How to Take between the Matches?

Hi Guys
As marked in the Screenshot , Need to extract the whole data from the PDF Files.

Note : This is the sample file ,original has more than 67 pages with other data on the top and bottom

Suggest any solution with regex or some other methods
Regex.txt (4.6 KB)

Regards
Gokul

Hi @Gokul001

Are we extracting the data from pdf?

If yes then Document understanding will be a Reliable approach!

Regards

Hi @pravin_calvin
Can you suggest apart from DU

(?s)start_Word(.*?)last_Word

you can use this . for last one I think you can use date format regex , Test it in regex101.com

2 Likes

Hi Gokul,

Did you tried with generate datatable activity and try some delimiter(space and newline) to extract the text data into datatable.
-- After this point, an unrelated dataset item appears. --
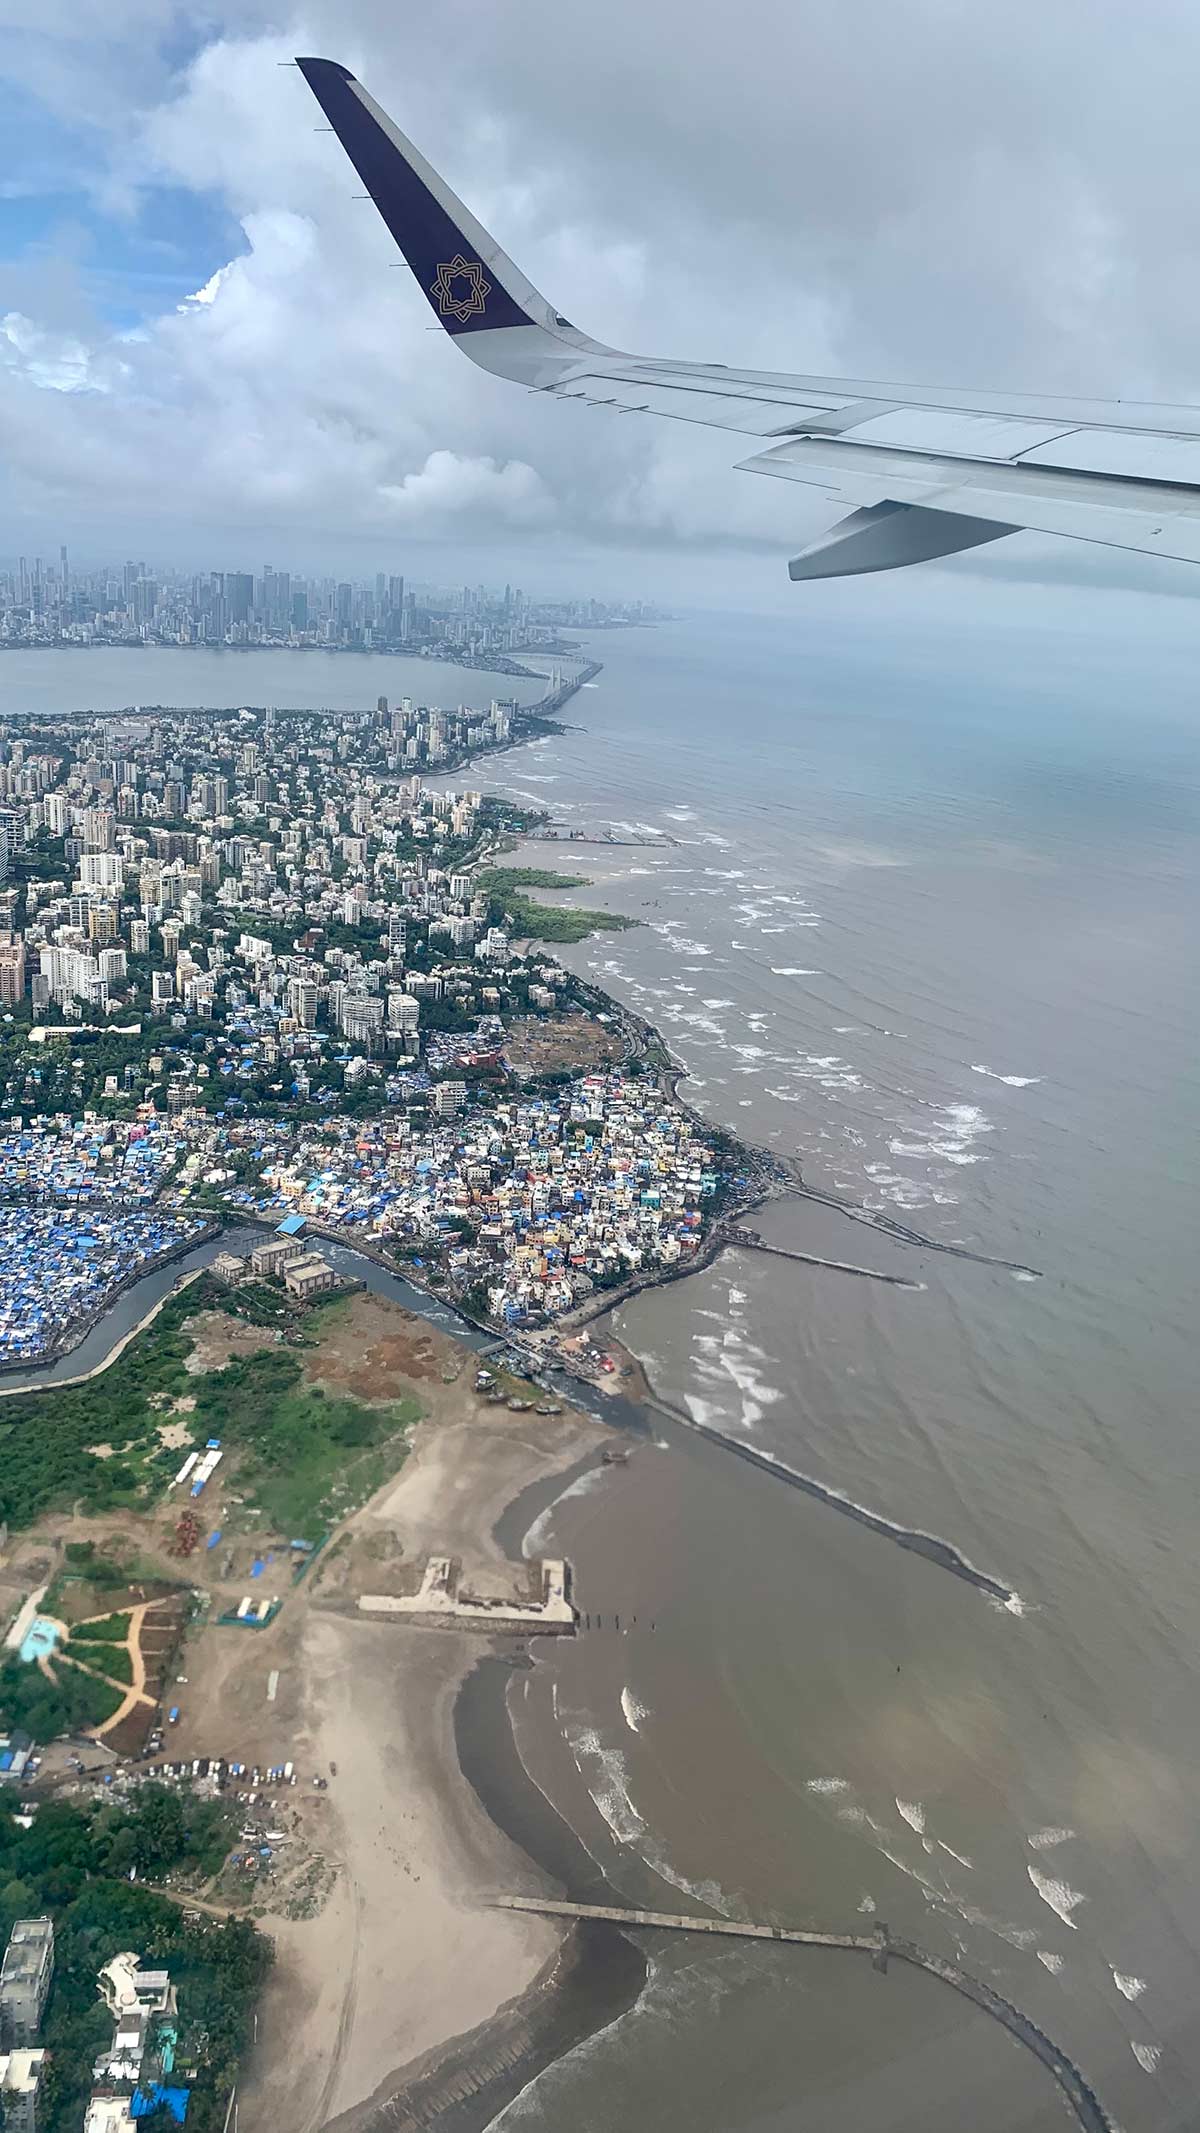 Mumbai's amazing coastline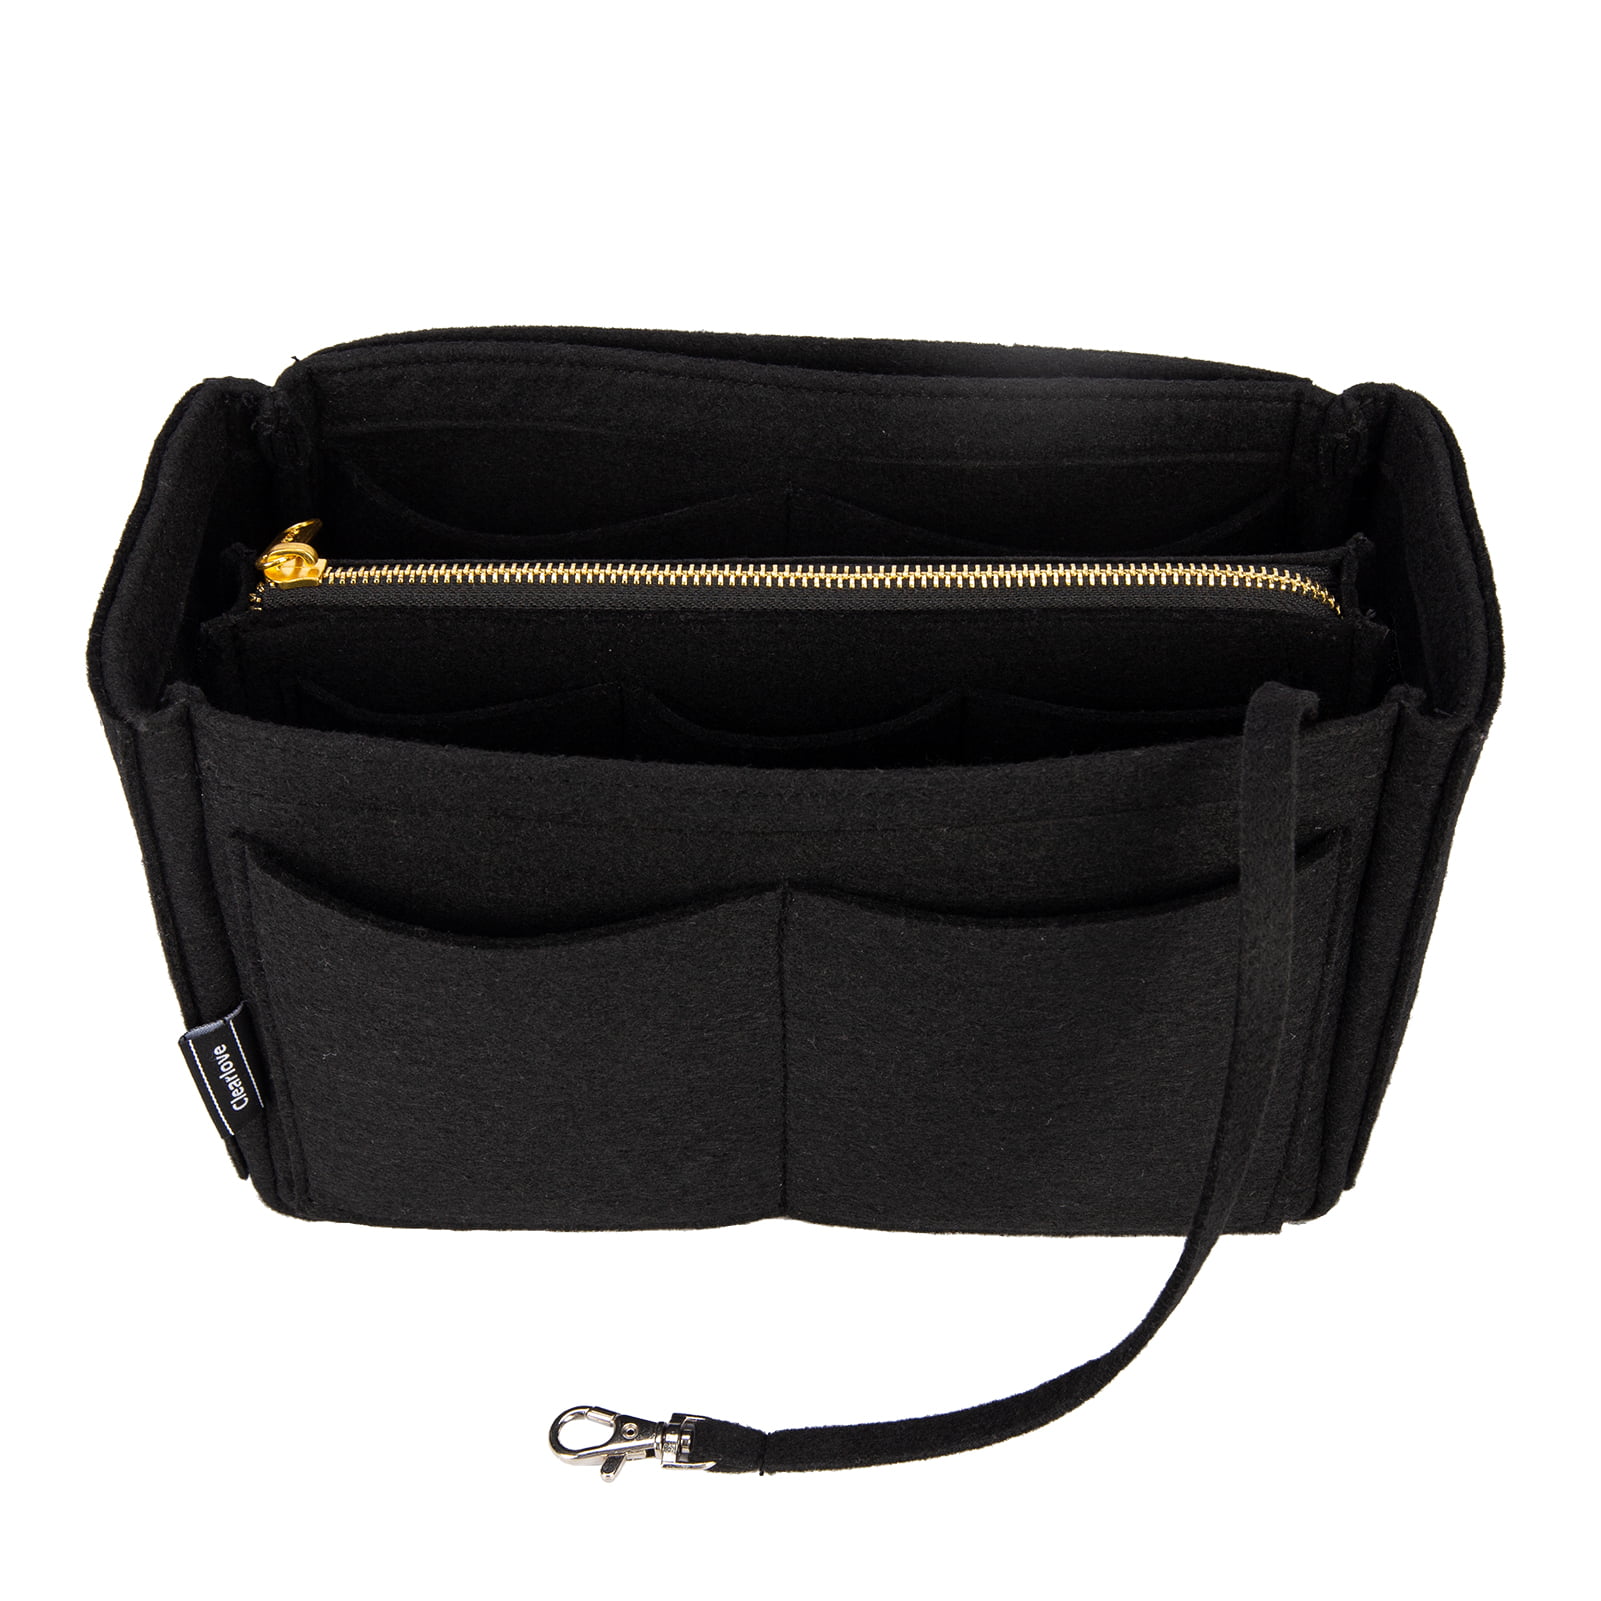 KESOIL Purse Organizer Insert for Handbags, Fit Speedy 25 Neverfull Felt Tote Insert with Base Shaper Zipper Bag in Bag (Beige-Felt, Medium)

Since with regex it will be too complex to extract each and every data from whole file. Please try and let us know. Thanks.

1 Like

I will check and update you @kirankumar.mahanthi1

Hi @Vijay_RPA

I think this will solve my query. i will check it.

Hi Gokul,

Sorry earlier I didn’t understand fully your requirement. If you want bunch of data between dates and you don’t need specific values from the content. You could go with regex and ignore my suggestion. Thanks.

Please make it as solved . If it works :slight_smile:

This topic was automatically closed 3 days after the last reply. New replies are no longer allowed.